Cell chirality in snails and C. elegans. (a) Upper: in Lymnaea, the blastomere spindles slant clockwise as viewed from the animal pole at the four-cell stage, and blastomeres are rearranged clockwise at the eight-cell stage. Bottom: Pulmonata is a snail species with counter clockwise-coiling shells and internal organs that mirror those of Lymnaea. In Pulmonata, blastomere spindles slant anticlockwise as viewed from the animal pole, resulting in a counter clockwise blastomere rearrangement at the eight-cell stage. In both cases, blastomere chirality determines the shell coiling direction and LR asymmetry of the body. Schema is adopted from Shibazaki et al. [39]. (b) Top: in C. elegans, mitotic spindles are skewed during the transition from four cells to six cells. Bottom: at the six-cell stage, changing the LR-asymmetric arrangement of blastomeres to their mirror-image positions results in situs inversus. Thus, in both snails and C. elegans, blastomere chirality is completely responsible for the subsequent LR-asymmetric development.
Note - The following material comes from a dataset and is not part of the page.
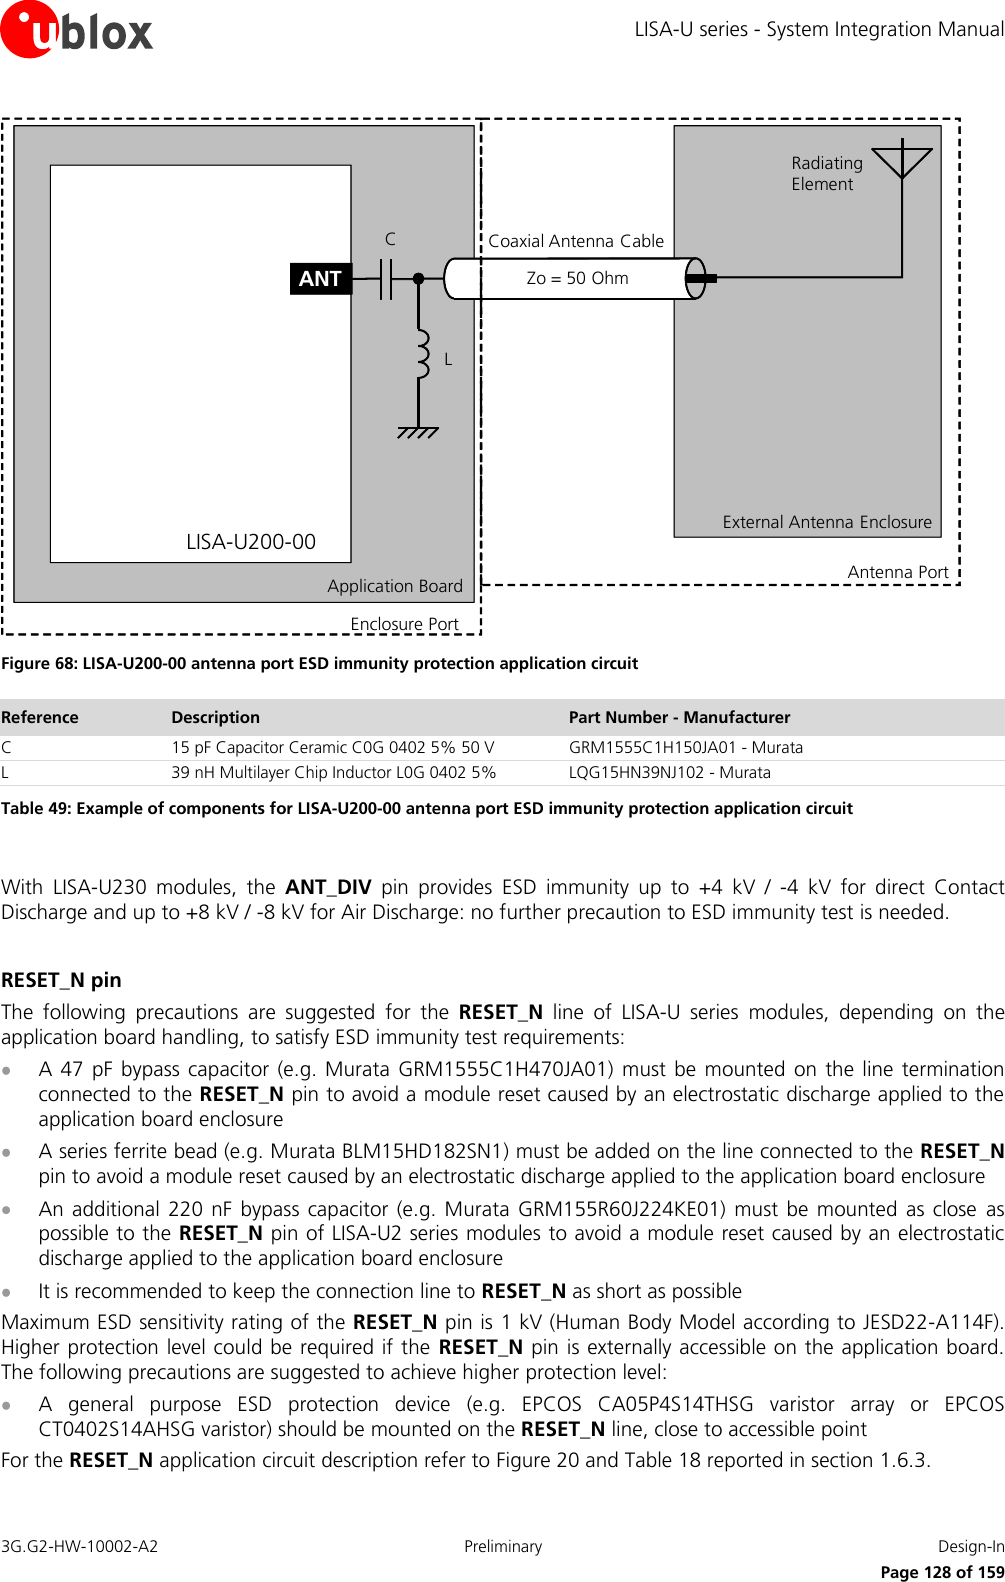 LISA-U series - System Integration Manual 3G.G2-HW-10002-A2  Preliminary  Design-In      Page 128 of 159 External Antenna EnclosureApplication BoardLISA-U200-00ANTRadiating ElementZo = 50 OhmCoaxial Antenna CableAntenna PortEnclosure PortCL Figure 68: LISA-U200-00 antenna port ESD immunity protection application circuit Reference Description Part Number - Manufacturer C 15 pF Capacitor Ceramic C0G 0402 5% 50 V GRM1555C1H150JA01 - Murata L 39 nH Multilayer Chip Inductor L0G 0402 5% LQG15HN39NJ102 - Murata Table 49: Example of components for LISA-U200-00 antenna port ESD immunity protection application circuit  With  LISA-U230  modules,  the  ANT_DIV  pin  provides  ESD  immunity  up  to  +4  kV  /  -4  kV  for  direct  Contact Discharge and up to +8 kV / -8 kV for Air Discharge: no further precaution to ESD immunity test is needed.  RESET_N pin The  following  precautions  are  suggested  for  the  RESET_N  line  of  LISA-U  series  modules,  depending  on  the application board handling, to satisfy ESD immunity test requirements:  A 47  pF bypass  capacitor  (e.g. Murata GRM1555C1H470JA01)  must  be mounted  on the  line termination connected to the RESET_N pin to avoid a module reset caused by an electrostatic discharge applied to the application board enclosure  A series ferrite bead (e.g. Murata BLM15HD182SN1) must be added on the line connected to the RESET_N pin to avoid a module reset caused by an electrostatic discharge applied to the application board enclosure  An additional 220  nF bypass capacitor  (e.g. Murata  GRM155R60J224KE01)  must be mounted as  close  as possible to the RESET_N pin of LISA-U2 series modules to avoid a module reset caused by an electrostatic discharge applied to the application board enclosure  It is recommended to keep the connection line to RESET_N as short as possible Maximum ESD sensitivity rating of the RESET_N pin is 1 kV (Human Body Model according to JESD22-A114F). Higher protection level could be required if the  RESET_N pin is externally accessible on the application board. The following precautions are suggested to achieve higher protection level:  A  general  purpose  ESD  protection  device  (e.g.  EPCOS  CA05P4S14THSG  varistor  array  or  EPCOS CT0402S14AHSG varistor) should be mounted on the RESET_N line, close to accessible point For the RESET_N application circuit description refer to Figure 20 and Table 18 reported in section 1.6.3.

Schema is adopted from Wood & Kershaw [40].

Figure 6.

Chiral shape and swirling of cultured mammalian cells. Left: cultured murine myoblasts (top) and vascular mesenchymal cells (bottom) demonstrate intrinsic chirality when plated on a substrate with a ring or stripe micropattern. Schemas are adopted from Wan et al. [49] and Chen et al. [50]. Right: fibroblasts from human foreskin seeded on a micropattern show anticlockwise chiral swirling. Radial actin fibres initially situated in a radial pattern eventually start to tilt rightward (top). The clockwise rotation of actin filaments in radial fibres generated by formin may cause the rightward tilting (bottom). Schemas are adopted from Tee et al. [42].

Figure 7.

The ‘F cell’ concept and LR asymmetric development in the absence of an LR axis. Left: in vertebrates, LR morphogenesis occurs according to an established body LR axis. Right: in Drosophila, chiral cells may behave like an F cell, which is analogous to the F molecule—a hypothetical LR determinant—at the cellular level and drive LR asymmetric development in individual organs, without establishing an LR axis of the whole embryo.